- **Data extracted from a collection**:
======

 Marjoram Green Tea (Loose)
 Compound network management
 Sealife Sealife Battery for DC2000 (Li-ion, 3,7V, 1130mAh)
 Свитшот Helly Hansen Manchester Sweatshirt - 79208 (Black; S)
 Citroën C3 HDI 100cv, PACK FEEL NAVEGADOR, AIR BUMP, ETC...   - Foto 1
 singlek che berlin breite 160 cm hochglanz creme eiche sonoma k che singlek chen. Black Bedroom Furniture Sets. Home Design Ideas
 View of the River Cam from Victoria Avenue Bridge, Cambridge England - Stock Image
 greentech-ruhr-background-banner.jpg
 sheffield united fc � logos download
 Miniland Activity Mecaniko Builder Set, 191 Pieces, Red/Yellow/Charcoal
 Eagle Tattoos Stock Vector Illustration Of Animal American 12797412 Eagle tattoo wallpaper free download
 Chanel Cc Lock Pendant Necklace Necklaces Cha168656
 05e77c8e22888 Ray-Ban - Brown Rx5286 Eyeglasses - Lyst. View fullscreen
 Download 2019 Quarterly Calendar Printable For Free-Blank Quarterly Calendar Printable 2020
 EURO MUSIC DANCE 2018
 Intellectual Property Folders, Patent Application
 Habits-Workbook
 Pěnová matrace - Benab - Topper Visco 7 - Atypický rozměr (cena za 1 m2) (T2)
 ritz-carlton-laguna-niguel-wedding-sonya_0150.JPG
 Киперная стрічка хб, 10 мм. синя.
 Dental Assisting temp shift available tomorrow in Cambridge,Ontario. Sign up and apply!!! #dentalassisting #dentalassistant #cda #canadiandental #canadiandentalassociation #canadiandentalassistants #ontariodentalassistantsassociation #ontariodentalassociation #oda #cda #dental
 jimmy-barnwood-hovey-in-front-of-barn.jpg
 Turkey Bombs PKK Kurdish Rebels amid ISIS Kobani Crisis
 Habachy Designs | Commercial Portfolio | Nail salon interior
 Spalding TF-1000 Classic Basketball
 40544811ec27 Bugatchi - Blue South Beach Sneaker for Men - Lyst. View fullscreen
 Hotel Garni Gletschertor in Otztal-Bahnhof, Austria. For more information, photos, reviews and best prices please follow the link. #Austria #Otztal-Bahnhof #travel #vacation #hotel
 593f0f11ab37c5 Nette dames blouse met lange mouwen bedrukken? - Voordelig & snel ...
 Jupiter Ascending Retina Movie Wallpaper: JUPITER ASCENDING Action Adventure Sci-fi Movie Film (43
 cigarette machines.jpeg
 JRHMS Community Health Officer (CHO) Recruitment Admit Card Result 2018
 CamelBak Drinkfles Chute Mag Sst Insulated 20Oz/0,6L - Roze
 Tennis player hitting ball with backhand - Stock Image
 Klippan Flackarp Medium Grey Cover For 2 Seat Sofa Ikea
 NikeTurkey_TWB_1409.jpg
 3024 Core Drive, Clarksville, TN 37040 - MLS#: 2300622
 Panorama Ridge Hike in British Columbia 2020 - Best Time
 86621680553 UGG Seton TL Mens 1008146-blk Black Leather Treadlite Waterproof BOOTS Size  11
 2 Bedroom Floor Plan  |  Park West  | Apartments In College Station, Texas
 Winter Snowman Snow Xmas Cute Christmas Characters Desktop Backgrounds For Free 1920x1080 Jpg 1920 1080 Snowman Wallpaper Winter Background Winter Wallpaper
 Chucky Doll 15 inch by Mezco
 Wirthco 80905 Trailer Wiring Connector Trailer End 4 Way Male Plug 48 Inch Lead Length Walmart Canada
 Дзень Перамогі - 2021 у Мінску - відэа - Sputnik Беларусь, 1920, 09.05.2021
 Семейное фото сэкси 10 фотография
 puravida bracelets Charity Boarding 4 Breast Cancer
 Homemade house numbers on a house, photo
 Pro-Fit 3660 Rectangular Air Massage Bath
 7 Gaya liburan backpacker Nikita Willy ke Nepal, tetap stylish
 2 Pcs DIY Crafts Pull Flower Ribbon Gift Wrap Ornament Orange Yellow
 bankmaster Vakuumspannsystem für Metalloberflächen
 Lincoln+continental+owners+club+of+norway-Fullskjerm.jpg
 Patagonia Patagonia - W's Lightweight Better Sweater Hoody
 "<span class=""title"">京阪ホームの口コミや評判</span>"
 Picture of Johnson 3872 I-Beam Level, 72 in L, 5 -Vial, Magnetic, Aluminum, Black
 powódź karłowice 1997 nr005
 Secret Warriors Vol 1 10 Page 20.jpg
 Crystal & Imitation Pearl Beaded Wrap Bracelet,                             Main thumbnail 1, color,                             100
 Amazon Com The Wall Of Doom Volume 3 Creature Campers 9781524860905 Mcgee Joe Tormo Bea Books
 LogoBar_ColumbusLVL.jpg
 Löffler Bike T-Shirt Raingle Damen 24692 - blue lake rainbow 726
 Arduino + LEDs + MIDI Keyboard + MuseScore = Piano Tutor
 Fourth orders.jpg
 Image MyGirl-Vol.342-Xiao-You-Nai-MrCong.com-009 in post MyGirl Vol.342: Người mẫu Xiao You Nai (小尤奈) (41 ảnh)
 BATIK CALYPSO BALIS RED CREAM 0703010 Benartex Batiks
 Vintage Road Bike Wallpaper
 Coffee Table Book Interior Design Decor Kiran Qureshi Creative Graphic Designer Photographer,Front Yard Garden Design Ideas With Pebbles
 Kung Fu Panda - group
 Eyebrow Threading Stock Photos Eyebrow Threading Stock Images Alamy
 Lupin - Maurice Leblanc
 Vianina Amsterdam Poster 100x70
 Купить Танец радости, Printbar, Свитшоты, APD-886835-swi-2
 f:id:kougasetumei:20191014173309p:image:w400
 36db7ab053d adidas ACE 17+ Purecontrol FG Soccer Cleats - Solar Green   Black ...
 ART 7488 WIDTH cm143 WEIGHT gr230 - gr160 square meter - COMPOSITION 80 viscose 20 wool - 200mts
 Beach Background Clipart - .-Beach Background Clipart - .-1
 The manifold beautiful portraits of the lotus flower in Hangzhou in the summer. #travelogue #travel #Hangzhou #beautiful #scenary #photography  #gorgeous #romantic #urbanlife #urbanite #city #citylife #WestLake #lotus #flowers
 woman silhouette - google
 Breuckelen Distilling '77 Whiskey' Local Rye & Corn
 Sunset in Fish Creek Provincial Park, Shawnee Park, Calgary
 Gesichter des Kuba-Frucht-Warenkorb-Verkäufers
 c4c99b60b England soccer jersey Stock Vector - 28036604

======

- **Exercise goal**:
Look over the entries for "Stock", then copy every line that includes that string.

- **Written reply**:
 View of the River Cam from Victoria Avenue Bridge, Cambridge England - Stock Image
 Eagle Tattoos Stock Vector Illustration Of Animal American 12797412 Eagle tattoo wallpaper free download
 Tennis player hitting ball with backhand - Stock Image
 Eyebrow Threading Stock Photos Eyebrow Threading Stock Images Alamy
 c4c99b60b England soccer jersey Stock Vector - 28036604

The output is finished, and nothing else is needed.